DATASET SECTION |
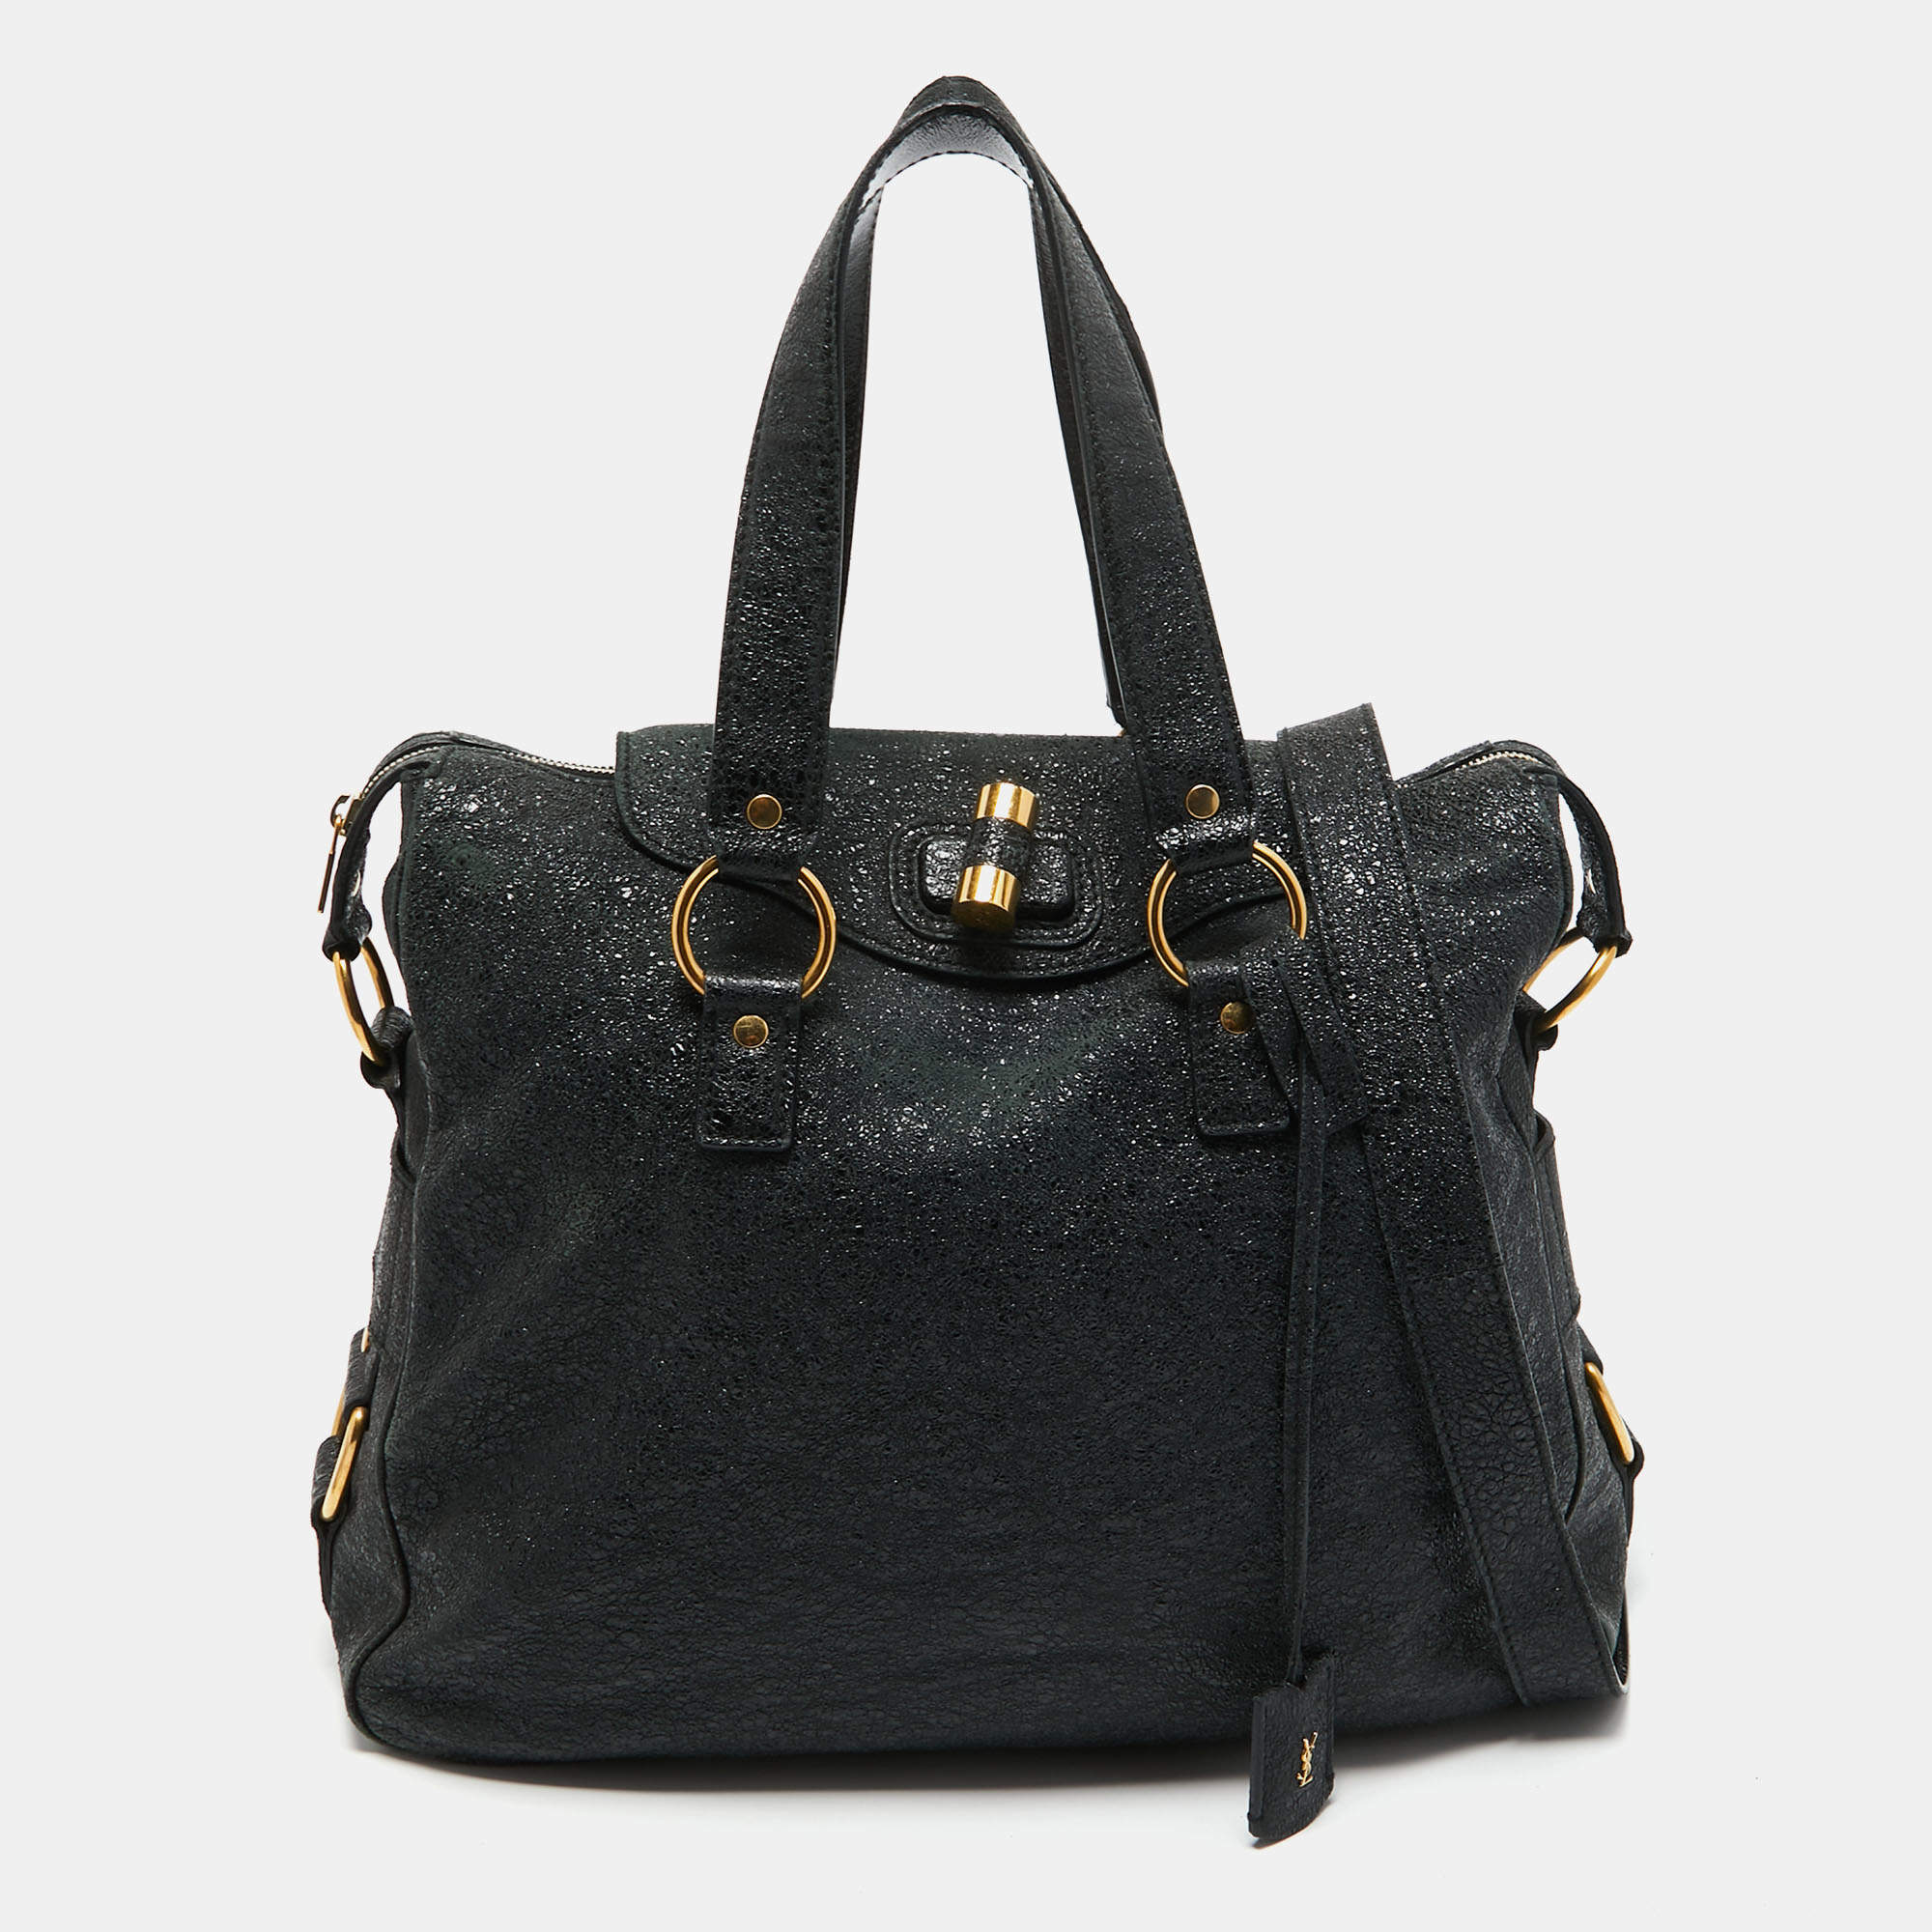 Used in Japan Bag] Saint Laurent Tote Bag Handbag Rive Gauche Muse
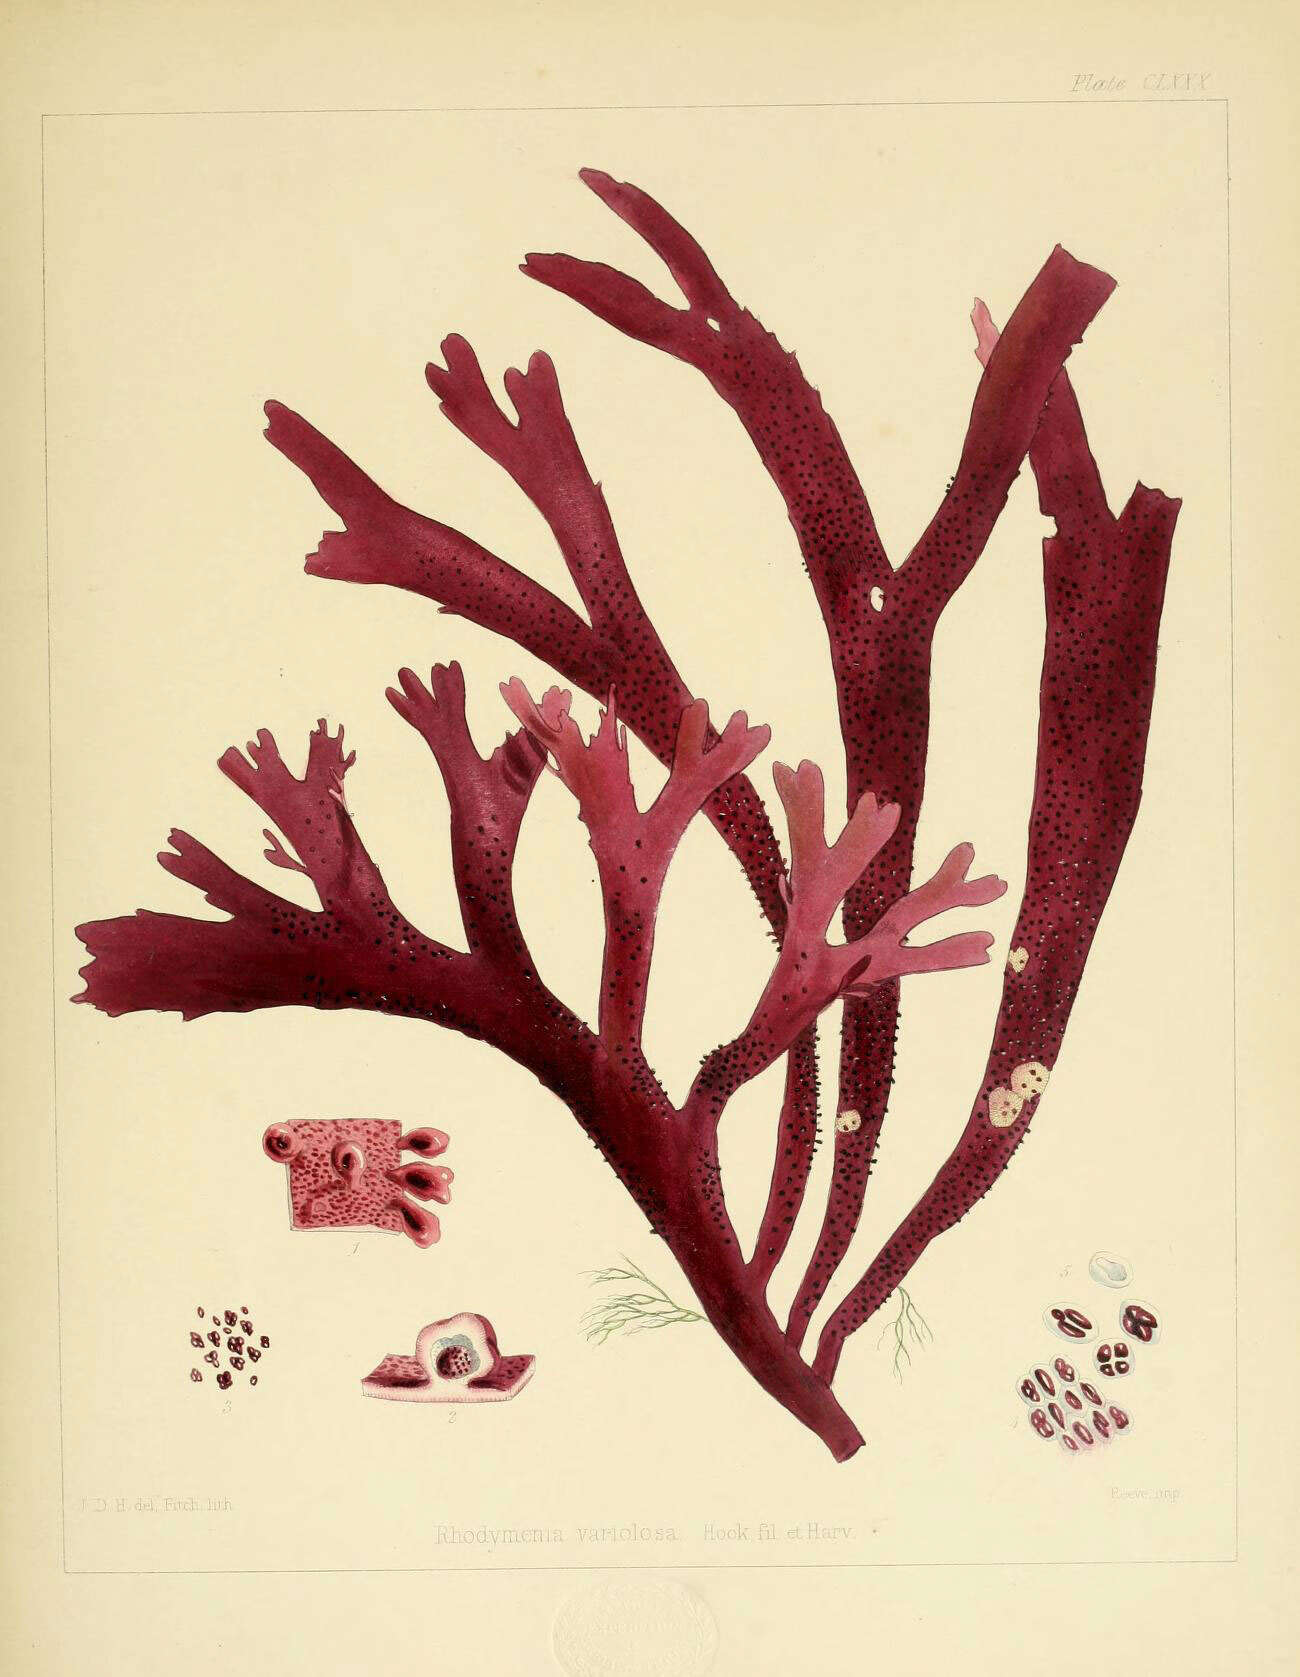 Image of Rhodymenia variolosa J. D. Hooker & Harvey 1845
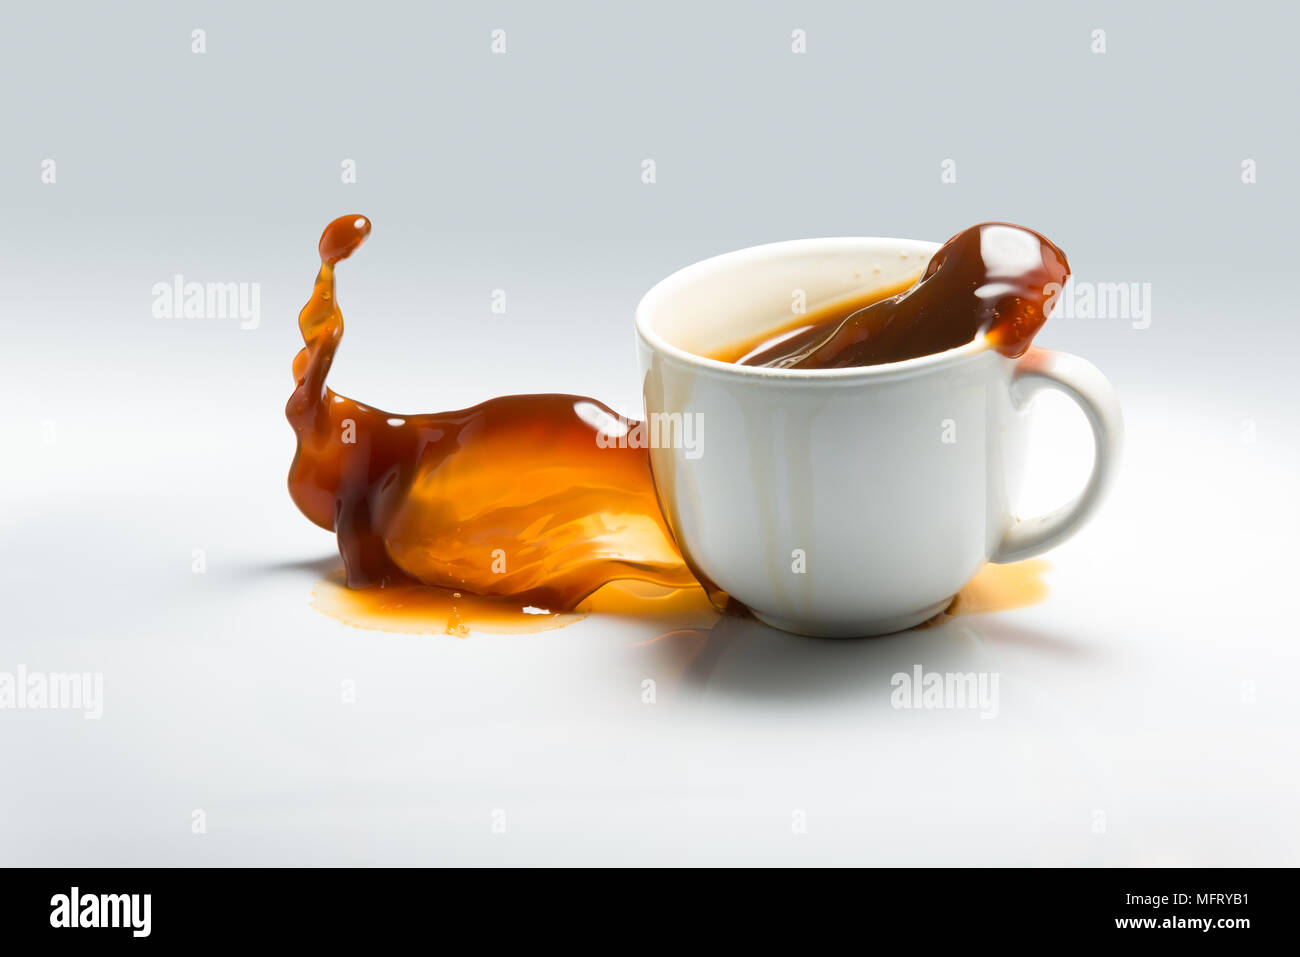 La caduta e la fuoriuscita di una tazza di caffè contro uno sfondo bianco Foto Stock

ACTIVITY |
Please write out every line of the listing above exactly, and leave the images behind.

SOLUTION BELOW |
 Used in Japan Bag] Saint Laurent Tote Bag Handbag Rive Gauche Muse
 Image of Rhodymenia variolosa J. D. Hooker & Harvey 1845
 La caduta e la fuoriuscita di una tazza di caffè contro uno sfondo bianco Foto Stock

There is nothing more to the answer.